The Academic Development & Diversity Team are leading on a number of workstreams to help eradicate the degree awarding gap, as follows:
#DecolHallam: Belonging, inclusion and Equity
- Student as partner collaboration
- Working with the Student Union, this project works with paid student partners to research and recommend action through dialogue about historical, cultural and materials ways to decolonise the curriculum.
- Working from the perspective of Hallam Values to create principled spaces for all students and staff to create inclusive and equitable curriculum experiences where everyone belongs.
Visit our #DecolHallam project page for more details.
Supporting Minoritised Student Groups (SMSG)
A crucial factor in helping to eradicate the degree awarding gap, is to develop ways that students from racially minoritised backgrounds can experience belonging and thrive during their experience at Hallam.
The Academic Development and Diversity team has launched a new programme called ‘Supporting Minoritised Student Groups’ (SMSG) to support College departments and the Doctoral School to develop new or sustain ongoing groups. In doing so, SMSG helps to create a community where racially minoritised students do not feel like the outsider, experience discrimination, and have a space where peers can support each other so they feel included.
- In Conversation: creating a minoritised student support group – a short podcast showcasing our academic colleagues’ experience of delivering teaching and learning, challenging the digital void, providing practical solutions and sharing best practice.

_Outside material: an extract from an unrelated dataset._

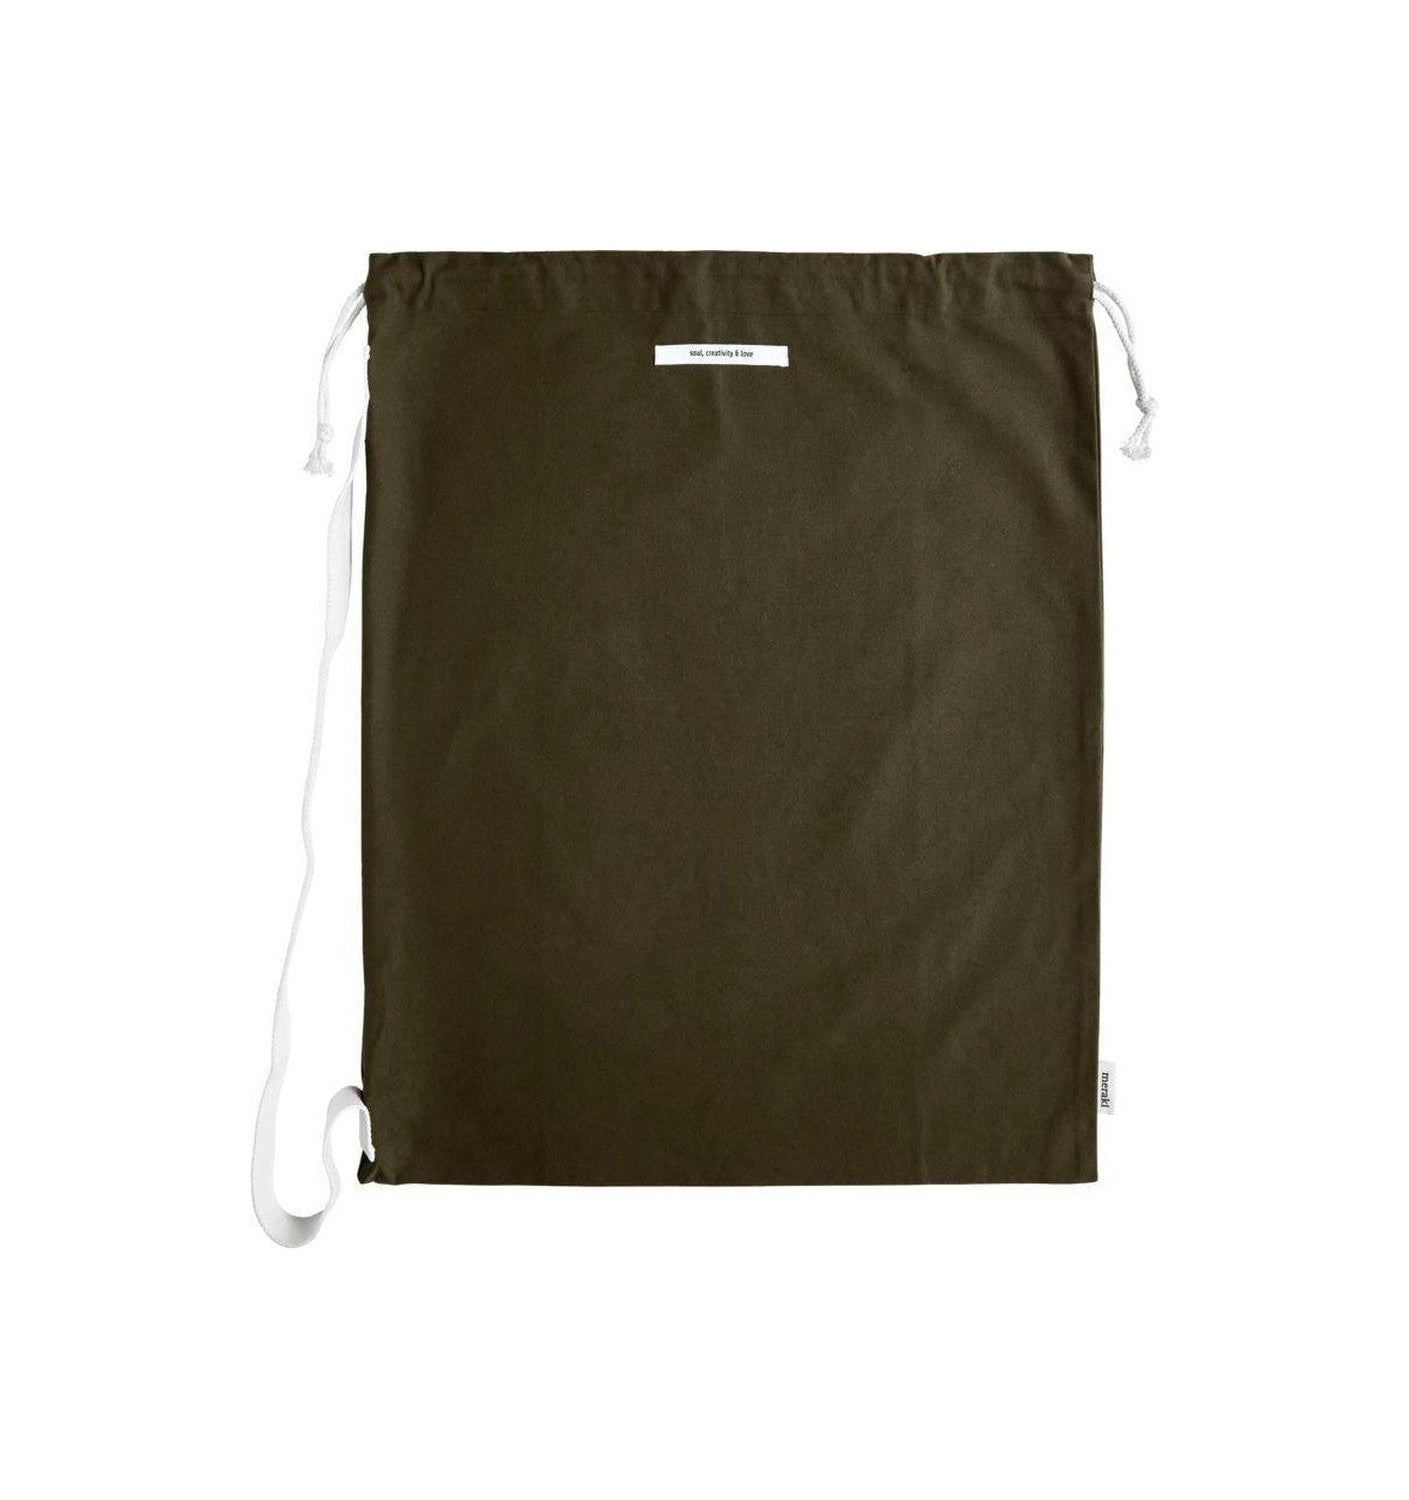 Meraki Cotton Bag, Mkcataria, Green de l'armée

- To find out more about the experience of the Nursing and Midwifery department, take a look at Sheffield Hallam University Nursing and Midwifery Minoritised group: the experiences of black student nurses, past and present.
- Listen to the Council of Deans’ interview with Hallam’s Ifrah Salih, where she discusses her support programme for students and staff from BAME backgrounds.
- Listen to this Radio Sheffield interview with Hallam staff and students, discussing the experiences of racially minoritised individuals when they are exposed to racial incidents and racism burnout. (Starts 1 hr 15 minutes into the recording).
Equity Accomplice Programme
The suite aims to enhance the equity and outcomes for racially minoritised students, support individuals to recognise and utilise their power, to foster and model solidarity for students, explore ways of continually fostering inclusive and equitable learning encounters wherever they take place.
As 70 % of our students would be identified as being from an underrepresented student group within universities, its essential that we work hard to assure that everyone can feel they belong at Sheffield Hallam. We know that students who are from a racially minoritised communities can experience discrimination, made to feel othered and that this can happen on and off campus. This simple way of starting the conversation about race equity and inclusion through the production of a suite of workshops titled ‘Equity Accomplice’, which supports staff and external stakeholders in developing their awareness of race equity to enhance outcomes for minoritised students.
This suite aims to enhance the equity and outcomes for all students in the university to promote an inclusive learning environment which recognises the historical underinvestment of certain communities. The suite aims to support individuals to recognise and utilise their power, to foster and model solidarity for students, explore ways of continually fostering inclusive and equitable learning encounters wherever they take place.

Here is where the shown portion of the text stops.